満足度★★★★★
平板だが巧みで見事
音楽家の伊藤靖浩が、一人芝居のミュージカルを年に10本書いて10年続けて100本のプログラムを作ると言う企画の第1弾。イサドラ・ダンカンを描いた「それでも私は踊りつづける」福麻むつ美、ジュディ・シルを描いた「生殺しの蛇」ハマカワフミエ、バルバラを描いた「piano black」岡田あがさ、の3本を観たが、どれも興味深い作品に仕上がっていた。ただし、ミュージカルということで、物語の複雑さはあまりなく平板で、むしろ歌を使った表現に気を遣ったように思えた。驚くのは、イサドラ・ダンカン,バルバラという有名な2人に挟まれたジュディ・シルを取り上げた点。
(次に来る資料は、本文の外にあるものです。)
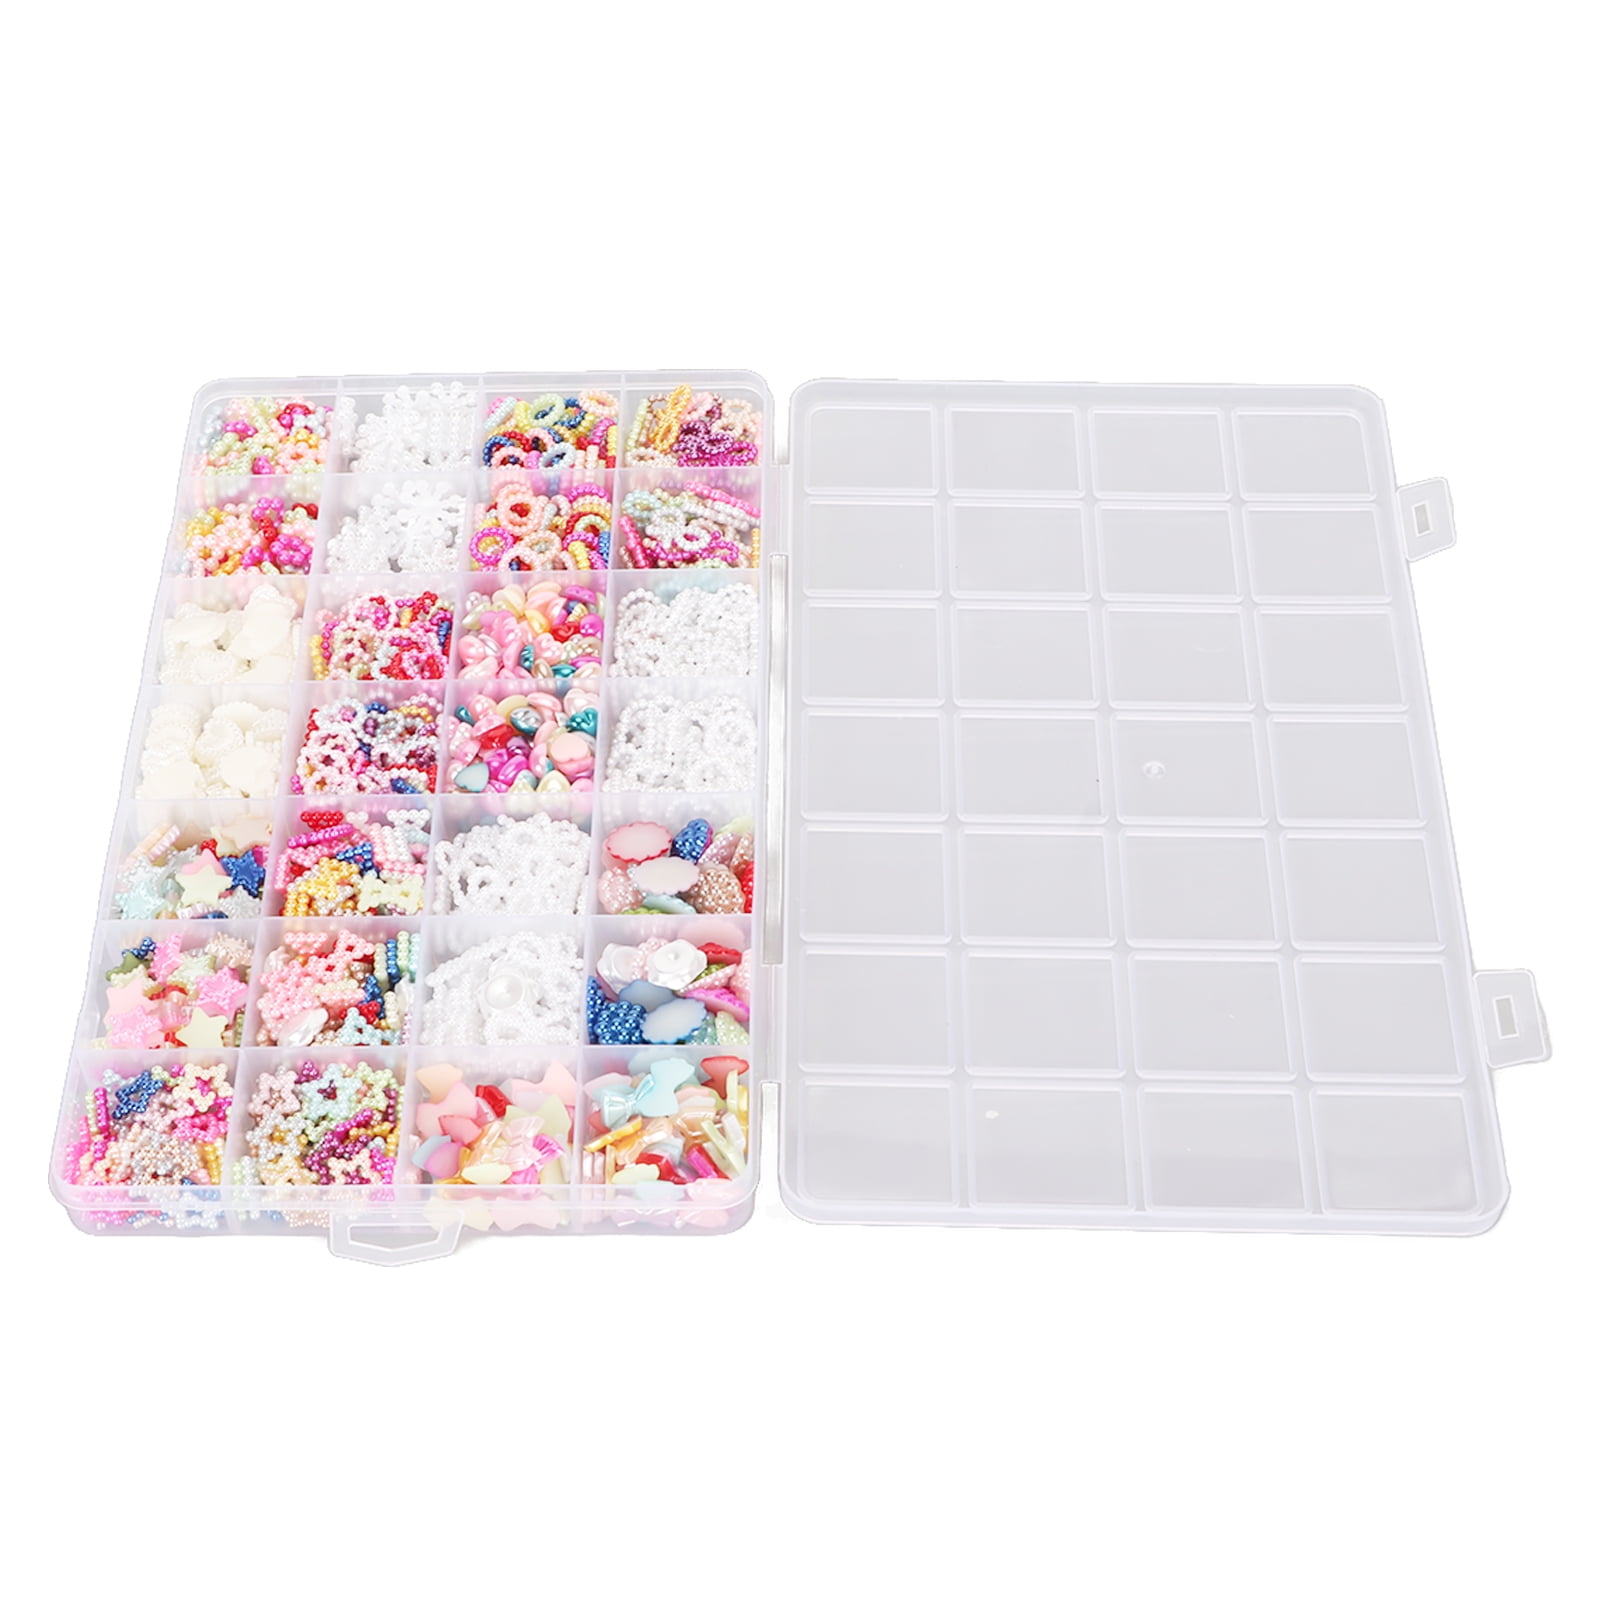 Hello Hobby Pony Beads, Candy-Colored, 500-Pack, Boys and Girls, Child,  Ages 6+

必ずしも有名でない70年代の女性シンガー・ソングライターを取り上げたのは、伊藤でなく演じたハマカワの要望だという。
ただし、上演順には疑問があり、数多くのミュージカルを経験した福麻をトップに持ってきたのでは、ストレートプレイ中心のキャリアのハマカワ,岡田は歌ではツライ気がする。その分、演技で魅せる2人の印象は強烈だった。その意味で、3者3様の魅力をしっかりと感じさせてくれる上演だった。